ぼくは、組織としての「教会」というのが、コミュニティというのは、重いのです。
バザーとか、財政とか、、、そういう委員をやっていた時期もあったのですが、、、そういう活動を一生懸命にやろうとするほど、義務的に仕事をこなしている、という感覚にとらわれてしまうのですね、ぼくの場合。
教会をそうして運営してくださる方がいなければ、ミサ自体も成り立たないというのはよくわかるのですが、、、これは単なるぼく自身の問題かとずっと思っていましたが、アッバミサなどに来ている人の話を聞くと、意外に多い。

どうもこれは、個人の問題を越えて、日本人と教会のありかたの問題もあるんじゃないかと思うようになっています。

余白 #oBO5MkqQ | URL
2005/07/09 21:43 | edit

もしかして日本の状況をあまり考えなかった書き込みになってしまっていたかもしれませんね。余白さんの記事(特に引用箇所)から、こちらの教会の様子が思い浮かんだので書きました。コミュニティーといったとき、運営の問題は別にしていました。

>ぼくは、組織としての「教会」というのが、コミュニティというのは、重いのです。

これはよくわかります。学生程度でしていた奉仕でさえ、大変な重荷だった覚えがあるので・・・。思いっきり「マルタ」になってしまって、教会に行くことが苦痛でした。

わたしが「教会がコミュニティーとしてある」といったのは、もうちょっと広くとらえていたからかもしれません。そこだけがコミュニティーですごく密接に関っているというわけではなく、やんわり自然に教会に来ているというか・・・。生活の一部というか・・・。

(奉仕に関しては、職員数、信徒数の問題があると思うのですが、仕事は多くのものでわけあって、そんなに特定の人が激しく負担を感じることはなさそうに思います。私も中心になって活動しているわけではないのではっきりとはわかりませんが・・・。まあ、こちらの人はできないと、できない、って言うので・・・。その代わりやれるときはやる人が多いような。)

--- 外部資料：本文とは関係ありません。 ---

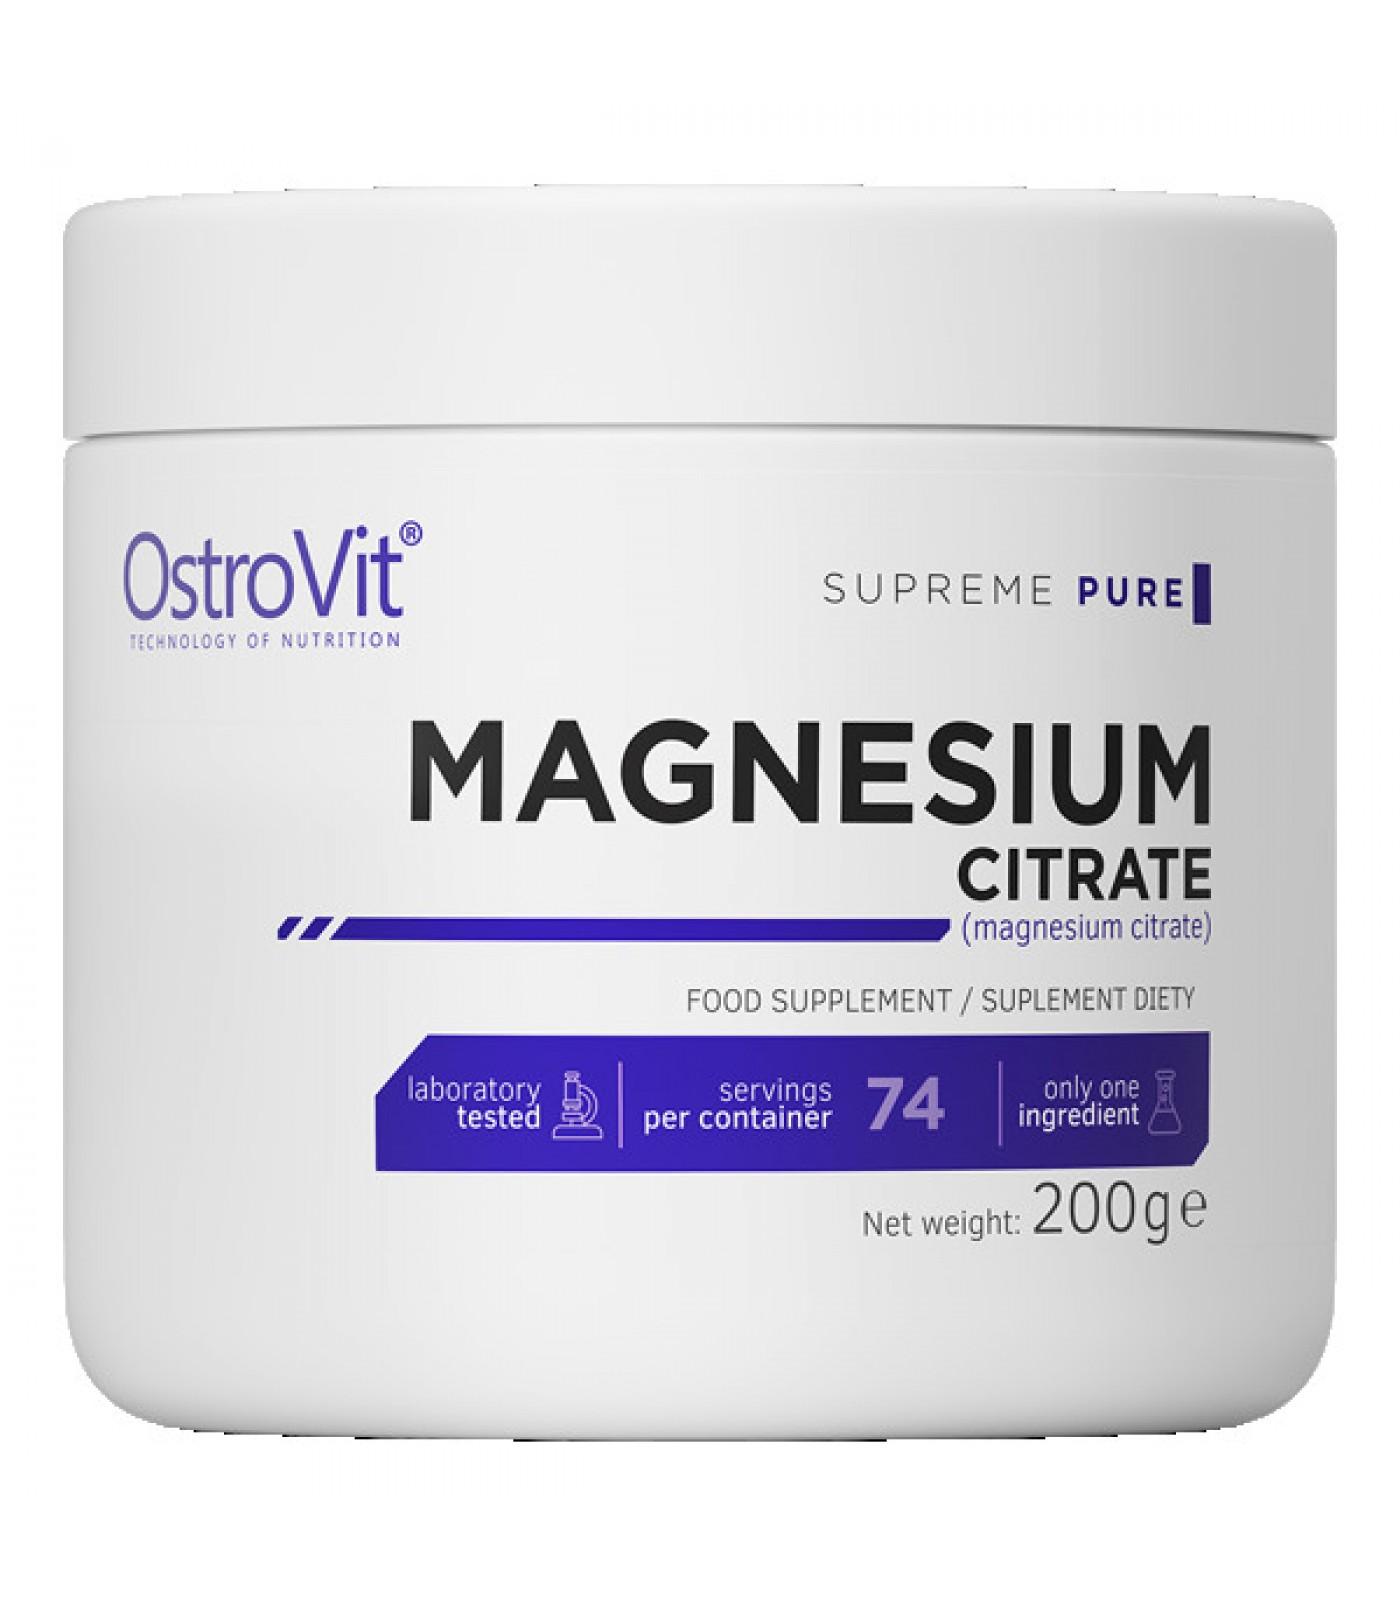 OstroVit - Magnesium Citrate Powder / 200g.

確かに、少数の奉仕者に重荷がかかるのは大きな問題ですね。一番よくやっている人をつぶしてしまうことになる。(あれ?職場もそうですね・・・。)

>どうもこれは、個人の問題を越えて、日本人と教会のありかたの問題もあるんじゃないかと思うようになっています。

やはり誰かが特別大きな重荷を負うような構造になってしまうのだろうか・・・。また考えてみます。

いう #Q/eeA9cY | URL
2005/07/09 22:16 | edit

コミュニティという感覚

そうですね、先ほどおっしゃっていた、

>カトリックの代父母の制度は大きな意味を持ってきますね。聖人たちも御国にいる信仰の家族ととらえて良いと思います。彼らに習うものはたくさんあります。それから、最近のネットが果たしている役割は大きいと思います。クリスチャンコミュニティーとして機能していると思うのです。

これはすごく同感です。
たとえば、ぼくは本文に書いたように、何人かの代父もやったし、うちの子供もしてもらったりしたのですが、その後、とくにつながりはないのです。
かといって、忘れたわけじゃない。
心ではお互い思い起こしていますが、とくに受洗祝いだからどうの、っていうことはないのです(そういう付き合いを否定しているわけではありませんが)。

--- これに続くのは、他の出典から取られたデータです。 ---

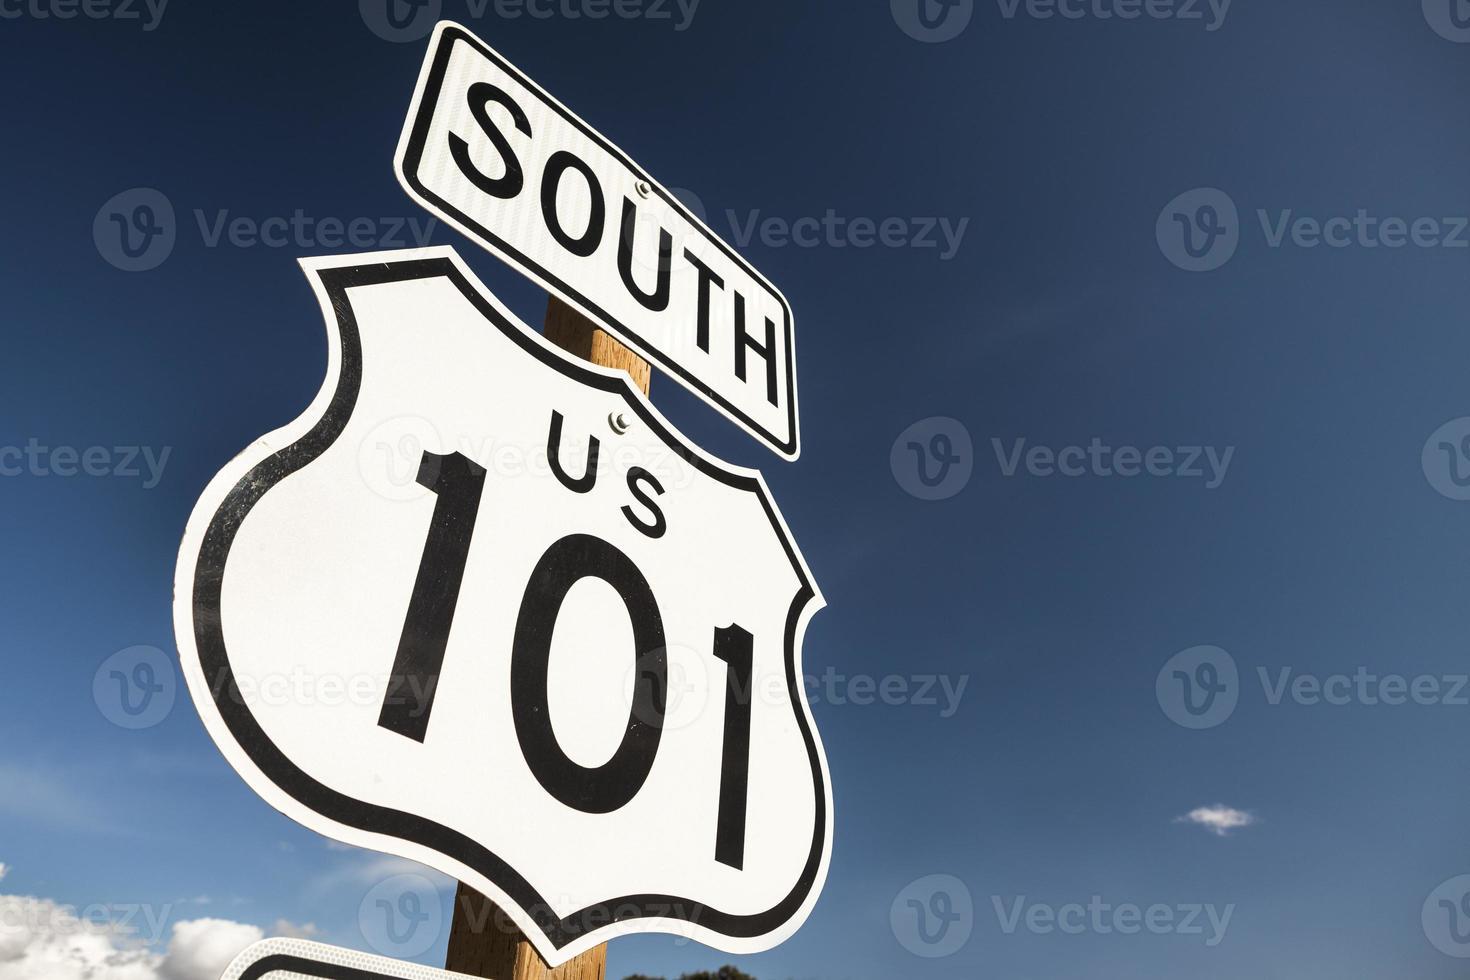 nosotros 101 autopista señal de tráfico foto
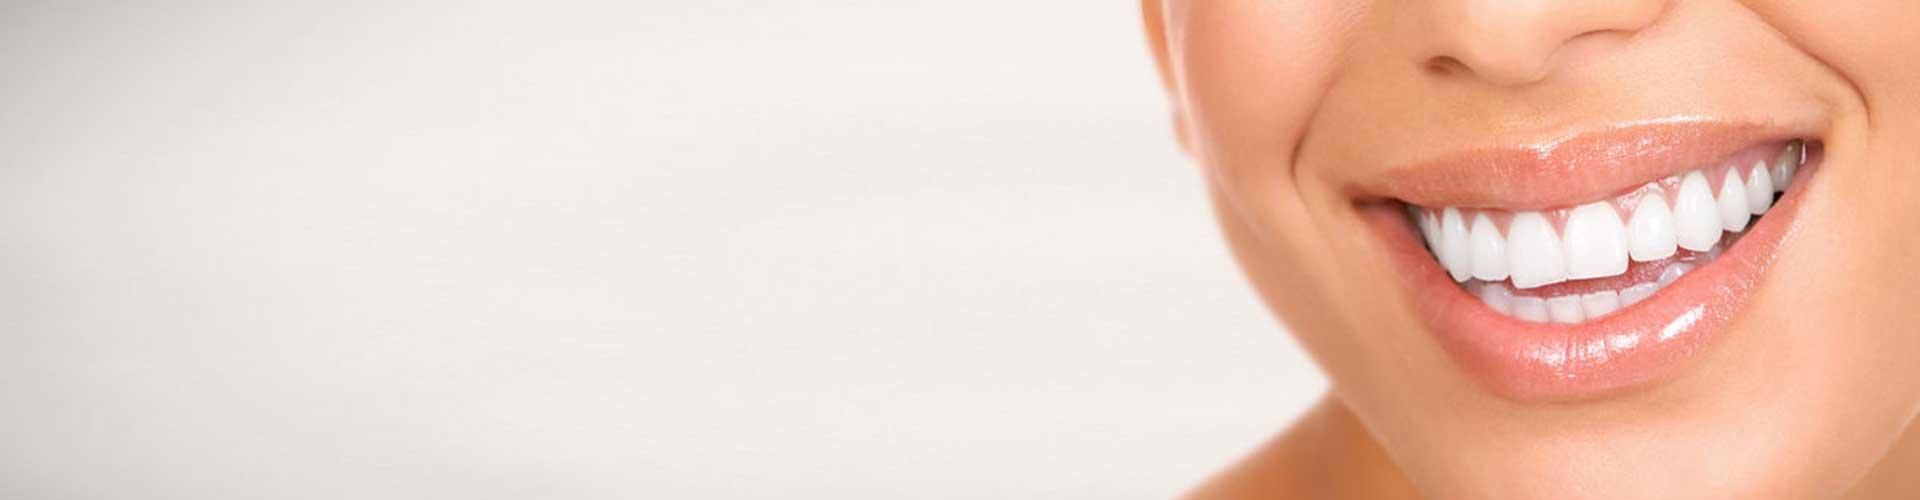 parodontitis_1920x500-e15170036094771
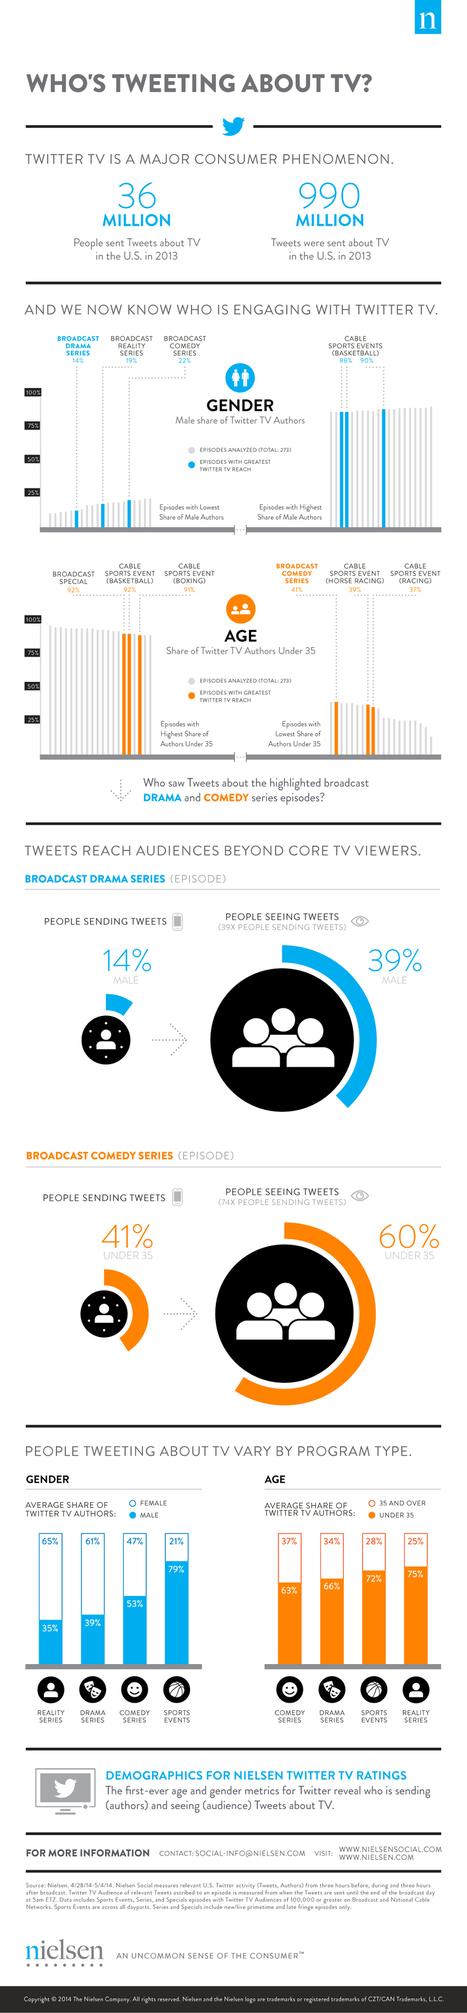 [Infographie] Les profils de la Social TV aux Etats-Unis en 2014 selon Nielsen - Inside my Web | Big Media (En & Fr) | Scoop.it

ミサや教会、あるいはキリスト者全体に対しても、ある種の一体感はもっていて、信仰宣言の「聖徒の交わり」という言葉も大好きです。
そう、いわゆる”べたべたした関係”というのが苦手なのですね。日本語でいうと「世間的な付き合い」とでもいいますか。

そのあたりを、おそらく欧米の人たちは、「私はこれ、ここまで」という形で、はっきり明言できるのでしょうね。
日本だと、つい引き受けて、あとで重荷になる、ということが往々にしてあるのではないかと思います。